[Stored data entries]
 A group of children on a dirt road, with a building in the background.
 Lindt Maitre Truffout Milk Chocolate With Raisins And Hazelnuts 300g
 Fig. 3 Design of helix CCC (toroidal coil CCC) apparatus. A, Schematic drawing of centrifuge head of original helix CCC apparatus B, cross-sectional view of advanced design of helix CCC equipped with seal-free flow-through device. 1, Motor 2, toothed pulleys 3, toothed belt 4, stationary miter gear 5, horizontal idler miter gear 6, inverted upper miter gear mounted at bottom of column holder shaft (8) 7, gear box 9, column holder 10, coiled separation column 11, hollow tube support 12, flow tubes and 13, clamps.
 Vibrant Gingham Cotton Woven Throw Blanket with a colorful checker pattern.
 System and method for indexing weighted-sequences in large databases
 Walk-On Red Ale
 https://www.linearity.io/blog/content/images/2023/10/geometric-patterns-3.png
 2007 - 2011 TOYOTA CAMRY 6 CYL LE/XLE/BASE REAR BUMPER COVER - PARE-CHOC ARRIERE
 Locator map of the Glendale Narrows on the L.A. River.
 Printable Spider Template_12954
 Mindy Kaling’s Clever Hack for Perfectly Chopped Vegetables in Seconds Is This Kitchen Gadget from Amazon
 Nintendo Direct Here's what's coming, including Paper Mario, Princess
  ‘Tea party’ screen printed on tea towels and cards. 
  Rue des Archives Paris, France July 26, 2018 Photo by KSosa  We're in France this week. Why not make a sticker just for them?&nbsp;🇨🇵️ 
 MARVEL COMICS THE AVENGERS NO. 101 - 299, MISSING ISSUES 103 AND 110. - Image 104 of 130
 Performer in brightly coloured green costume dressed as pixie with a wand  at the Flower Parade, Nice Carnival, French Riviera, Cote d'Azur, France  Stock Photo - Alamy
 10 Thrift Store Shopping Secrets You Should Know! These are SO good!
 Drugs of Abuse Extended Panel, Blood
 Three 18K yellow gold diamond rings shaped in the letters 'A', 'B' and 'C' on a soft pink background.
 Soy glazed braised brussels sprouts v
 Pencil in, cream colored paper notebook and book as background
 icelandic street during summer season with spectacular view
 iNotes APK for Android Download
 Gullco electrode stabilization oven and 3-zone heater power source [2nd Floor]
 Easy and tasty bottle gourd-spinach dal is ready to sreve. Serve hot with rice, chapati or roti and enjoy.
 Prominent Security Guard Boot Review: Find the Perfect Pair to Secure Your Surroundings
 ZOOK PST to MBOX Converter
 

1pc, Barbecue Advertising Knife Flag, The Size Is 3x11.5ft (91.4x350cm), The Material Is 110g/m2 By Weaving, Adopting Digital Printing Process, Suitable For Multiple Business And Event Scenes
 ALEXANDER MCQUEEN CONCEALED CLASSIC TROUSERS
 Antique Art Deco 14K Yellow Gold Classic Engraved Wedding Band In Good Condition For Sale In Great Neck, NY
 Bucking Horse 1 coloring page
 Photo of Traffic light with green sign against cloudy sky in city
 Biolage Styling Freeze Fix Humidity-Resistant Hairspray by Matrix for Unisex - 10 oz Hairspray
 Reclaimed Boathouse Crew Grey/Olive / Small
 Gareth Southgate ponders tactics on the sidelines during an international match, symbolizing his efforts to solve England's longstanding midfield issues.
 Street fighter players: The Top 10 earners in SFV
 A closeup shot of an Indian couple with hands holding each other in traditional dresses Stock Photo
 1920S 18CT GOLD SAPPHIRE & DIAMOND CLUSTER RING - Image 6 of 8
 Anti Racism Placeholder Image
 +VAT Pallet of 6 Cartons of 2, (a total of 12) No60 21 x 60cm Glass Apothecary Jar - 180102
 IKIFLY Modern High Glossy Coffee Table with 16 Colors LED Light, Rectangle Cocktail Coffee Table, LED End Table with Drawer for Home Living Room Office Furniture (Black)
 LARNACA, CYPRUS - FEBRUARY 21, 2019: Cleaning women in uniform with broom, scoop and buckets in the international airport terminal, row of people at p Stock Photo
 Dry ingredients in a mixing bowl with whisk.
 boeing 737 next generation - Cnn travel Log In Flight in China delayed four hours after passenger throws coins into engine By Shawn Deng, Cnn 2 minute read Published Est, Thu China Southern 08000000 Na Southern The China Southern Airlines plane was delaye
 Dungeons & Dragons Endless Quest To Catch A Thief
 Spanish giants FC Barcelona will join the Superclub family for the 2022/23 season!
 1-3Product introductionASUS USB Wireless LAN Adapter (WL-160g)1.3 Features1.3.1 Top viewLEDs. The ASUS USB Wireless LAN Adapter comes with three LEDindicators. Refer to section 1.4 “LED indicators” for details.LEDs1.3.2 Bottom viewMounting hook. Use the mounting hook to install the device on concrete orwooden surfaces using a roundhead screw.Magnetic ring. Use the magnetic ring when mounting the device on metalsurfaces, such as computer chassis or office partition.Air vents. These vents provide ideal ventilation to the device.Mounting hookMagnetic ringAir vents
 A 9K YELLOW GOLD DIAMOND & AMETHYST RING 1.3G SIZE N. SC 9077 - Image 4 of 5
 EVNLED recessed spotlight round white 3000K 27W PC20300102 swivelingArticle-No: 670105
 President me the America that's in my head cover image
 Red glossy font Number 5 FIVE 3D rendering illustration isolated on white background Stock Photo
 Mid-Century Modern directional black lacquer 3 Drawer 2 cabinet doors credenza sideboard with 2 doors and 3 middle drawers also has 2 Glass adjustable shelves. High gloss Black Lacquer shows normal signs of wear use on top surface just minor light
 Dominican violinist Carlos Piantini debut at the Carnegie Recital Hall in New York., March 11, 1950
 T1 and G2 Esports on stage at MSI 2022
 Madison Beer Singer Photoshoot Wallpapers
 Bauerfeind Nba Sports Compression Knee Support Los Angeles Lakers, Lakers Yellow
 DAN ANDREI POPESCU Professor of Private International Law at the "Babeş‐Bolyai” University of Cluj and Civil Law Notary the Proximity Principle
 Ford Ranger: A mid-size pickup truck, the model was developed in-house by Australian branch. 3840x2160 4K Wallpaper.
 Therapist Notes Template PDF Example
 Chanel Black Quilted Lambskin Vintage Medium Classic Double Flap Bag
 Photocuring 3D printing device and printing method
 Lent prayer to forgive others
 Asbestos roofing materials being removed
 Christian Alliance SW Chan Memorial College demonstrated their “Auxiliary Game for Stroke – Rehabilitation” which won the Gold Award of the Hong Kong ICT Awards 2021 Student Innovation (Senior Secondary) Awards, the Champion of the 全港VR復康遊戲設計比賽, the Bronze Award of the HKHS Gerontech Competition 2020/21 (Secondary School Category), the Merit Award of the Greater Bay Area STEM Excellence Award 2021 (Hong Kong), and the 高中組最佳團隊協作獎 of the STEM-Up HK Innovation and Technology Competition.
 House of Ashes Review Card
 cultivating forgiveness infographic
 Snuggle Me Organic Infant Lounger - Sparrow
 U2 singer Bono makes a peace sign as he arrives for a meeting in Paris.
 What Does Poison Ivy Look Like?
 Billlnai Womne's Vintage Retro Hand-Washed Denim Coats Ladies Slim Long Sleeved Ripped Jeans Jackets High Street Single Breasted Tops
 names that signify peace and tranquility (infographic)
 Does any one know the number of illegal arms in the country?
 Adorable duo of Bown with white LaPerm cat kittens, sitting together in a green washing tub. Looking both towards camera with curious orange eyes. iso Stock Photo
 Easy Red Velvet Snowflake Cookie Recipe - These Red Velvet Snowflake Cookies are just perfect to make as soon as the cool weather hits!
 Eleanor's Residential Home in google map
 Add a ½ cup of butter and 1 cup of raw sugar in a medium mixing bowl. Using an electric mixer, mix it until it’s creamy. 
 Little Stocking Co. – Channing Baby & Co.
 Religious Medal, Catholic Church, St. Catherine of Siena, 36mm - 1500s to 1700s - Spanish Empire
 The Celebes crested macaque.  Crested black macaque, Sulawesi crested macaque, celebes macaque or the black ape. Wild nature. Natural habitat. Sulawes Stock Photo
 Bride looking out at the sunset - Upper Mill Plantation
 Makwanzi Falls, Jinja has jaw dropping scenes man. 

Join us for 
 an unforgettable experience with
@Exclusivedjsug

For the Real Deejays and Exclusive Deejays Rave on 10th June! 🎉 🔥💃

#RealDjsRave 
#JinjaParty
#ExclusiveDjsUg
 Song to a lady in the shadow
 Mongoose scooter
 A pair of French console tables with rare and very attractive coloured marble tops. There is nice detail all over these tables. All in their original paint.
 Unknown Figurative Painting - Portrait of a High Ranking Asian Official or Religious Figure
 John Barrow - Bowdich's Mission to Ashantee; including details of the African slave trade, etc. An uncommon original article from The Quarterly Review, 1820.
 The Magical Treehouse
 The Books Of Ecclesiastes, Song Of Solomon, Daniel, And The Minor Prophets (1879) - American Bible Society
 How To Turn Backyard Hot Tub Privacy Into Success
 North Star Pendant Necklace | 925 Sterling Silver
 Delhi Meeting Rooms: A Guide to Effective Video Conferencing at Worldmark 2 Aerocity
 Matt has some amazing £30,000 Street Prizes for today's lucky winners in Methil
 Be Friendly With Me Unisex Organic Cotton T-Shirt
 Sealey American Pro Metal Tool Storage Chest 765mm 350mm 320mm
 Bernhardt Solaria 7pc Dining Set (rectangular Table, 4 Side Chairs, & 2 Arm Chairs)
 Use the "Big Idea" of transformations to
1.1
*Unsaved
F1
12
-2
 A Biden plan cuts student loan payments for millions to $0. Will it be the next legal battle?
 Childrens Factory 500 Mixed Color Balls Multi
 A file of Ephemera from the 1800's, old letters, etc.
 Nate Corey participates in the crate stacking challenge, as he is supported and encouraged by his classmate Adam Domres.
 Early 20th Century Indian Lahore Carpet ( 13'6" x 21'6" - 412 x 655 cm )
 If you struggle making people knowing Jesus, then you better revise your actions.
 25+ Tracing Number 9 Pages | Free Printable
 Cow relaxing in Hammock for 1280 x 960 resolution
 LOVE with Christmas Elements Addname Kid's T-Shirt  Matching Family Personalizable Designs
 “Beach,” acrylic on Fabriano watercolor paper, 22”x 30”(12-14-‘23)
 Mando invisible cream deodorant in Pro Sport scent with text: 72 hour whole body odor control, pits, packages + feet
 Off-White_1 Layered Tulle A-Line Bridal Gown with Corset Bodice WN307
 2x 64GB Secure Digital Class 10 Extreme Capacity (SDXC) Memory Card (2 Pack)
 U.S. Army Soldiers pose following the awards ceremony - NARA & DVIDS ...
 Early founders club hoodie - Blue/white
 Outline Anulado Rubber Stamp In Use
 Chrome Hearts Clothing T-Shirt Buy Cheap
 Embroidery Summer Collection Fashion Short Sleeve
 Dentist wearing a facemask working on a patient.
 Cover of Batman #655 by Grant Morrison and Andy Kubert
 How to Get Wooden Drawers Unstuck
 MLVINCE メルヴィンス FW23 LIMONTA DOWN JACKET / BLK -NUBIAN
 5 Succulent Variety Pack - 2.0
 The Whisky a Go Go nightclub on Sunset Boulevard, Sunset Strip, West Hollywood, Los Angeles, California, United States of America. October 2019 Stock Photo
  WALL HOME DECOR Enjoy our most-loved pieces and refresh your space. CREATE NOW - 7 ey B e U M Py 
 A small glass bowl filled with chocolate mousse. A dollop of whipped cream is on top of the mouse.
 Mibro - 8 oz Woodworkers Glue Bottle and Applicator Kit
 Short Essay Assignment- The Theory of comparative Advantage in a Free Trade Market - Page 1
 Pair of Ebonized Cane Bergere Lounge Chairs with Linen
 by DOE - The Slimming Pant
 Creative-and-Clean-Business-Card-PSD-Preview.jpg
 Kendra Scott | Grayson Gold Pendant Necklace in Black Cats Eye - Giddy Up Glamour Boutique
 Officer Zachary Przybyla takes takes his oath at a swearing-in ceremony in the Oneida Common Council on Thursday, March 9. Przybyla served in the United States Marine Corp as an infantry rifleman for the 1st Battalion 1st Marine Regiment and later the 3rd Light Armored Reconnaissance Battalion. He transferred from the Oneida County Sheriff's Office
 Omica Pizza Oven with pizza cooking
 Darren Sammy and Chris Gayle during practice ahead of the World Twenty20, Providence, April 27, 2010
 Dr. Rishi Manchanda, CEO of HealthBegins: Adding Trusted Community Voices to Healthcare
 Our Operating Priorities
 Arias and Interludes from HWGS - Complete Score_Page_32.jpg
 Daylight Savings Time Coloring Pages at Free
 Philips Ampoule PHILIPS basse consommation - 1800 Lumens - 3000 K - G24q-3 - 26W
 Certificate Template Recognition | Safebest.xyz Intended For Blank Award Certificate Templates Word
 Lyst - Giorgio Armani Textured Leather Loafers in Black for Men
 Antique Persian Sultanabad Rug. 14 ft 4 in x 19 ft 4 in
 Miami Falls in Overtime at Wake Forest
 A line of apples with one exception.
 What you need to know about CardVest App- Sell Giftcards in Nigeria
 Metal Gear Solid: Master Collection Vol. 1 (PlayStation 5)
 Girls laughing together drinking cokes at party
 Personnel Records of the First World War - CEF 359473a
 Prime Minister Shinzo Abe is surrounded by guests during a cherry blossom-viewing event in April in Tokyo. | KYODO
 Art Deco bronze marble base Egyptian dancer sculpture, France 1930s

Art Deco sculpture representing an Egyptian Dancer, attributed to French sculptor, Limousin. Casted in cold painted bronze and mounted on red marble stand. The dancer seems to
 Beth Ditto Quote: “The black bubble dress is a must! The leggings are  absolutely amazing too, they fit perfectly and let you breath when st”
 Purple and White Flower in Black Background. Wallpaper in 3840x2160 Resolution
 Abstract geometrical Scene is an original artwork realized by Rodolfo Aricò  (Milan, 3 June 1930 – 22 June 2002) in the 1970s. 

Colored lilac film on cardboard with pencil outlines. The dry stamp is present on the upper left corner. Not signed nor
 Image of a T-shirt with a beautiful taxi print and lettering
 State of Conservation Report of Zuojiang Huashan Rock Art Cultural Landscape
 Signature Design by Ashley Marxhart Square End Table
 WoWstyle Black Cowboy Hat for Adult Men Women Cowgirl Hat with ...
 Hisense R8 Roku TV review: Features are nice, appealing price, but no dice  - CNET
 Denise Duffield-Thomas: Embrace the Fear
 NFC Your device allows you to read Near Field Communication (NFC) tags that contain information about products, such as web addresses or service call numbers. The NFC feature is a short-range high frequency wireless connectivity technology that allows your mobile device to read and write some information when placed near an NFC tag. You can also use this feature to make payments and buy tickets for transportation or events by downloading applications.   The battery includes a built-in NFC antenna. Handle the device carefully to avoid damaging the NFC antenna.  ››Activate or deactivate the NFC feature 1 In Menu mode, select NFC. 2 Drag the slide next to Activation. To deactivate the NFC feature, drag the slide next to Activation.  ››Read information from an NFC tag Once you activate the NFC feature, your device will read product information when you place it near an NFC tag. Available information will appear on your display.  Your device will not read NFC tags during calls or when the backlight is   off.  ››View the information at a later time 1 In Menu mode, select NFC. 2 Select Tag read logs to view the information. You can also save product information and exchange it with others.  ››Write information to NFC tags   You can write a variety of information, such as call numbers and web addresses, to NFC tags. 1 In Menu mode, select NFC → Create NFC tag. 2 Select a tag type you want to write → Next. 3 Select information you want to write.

# Task item:
Find every line in the records that has the word "Secure". Copy those lines.

# Output of the exercise:
 Prominent Security Guard Boot Review: Find the Perfect Pair to Secure Your Surroundings
 2x 64GB Secure Digital Class 10 Extreme Capacity (SDXC) Memory Card (2 Pack)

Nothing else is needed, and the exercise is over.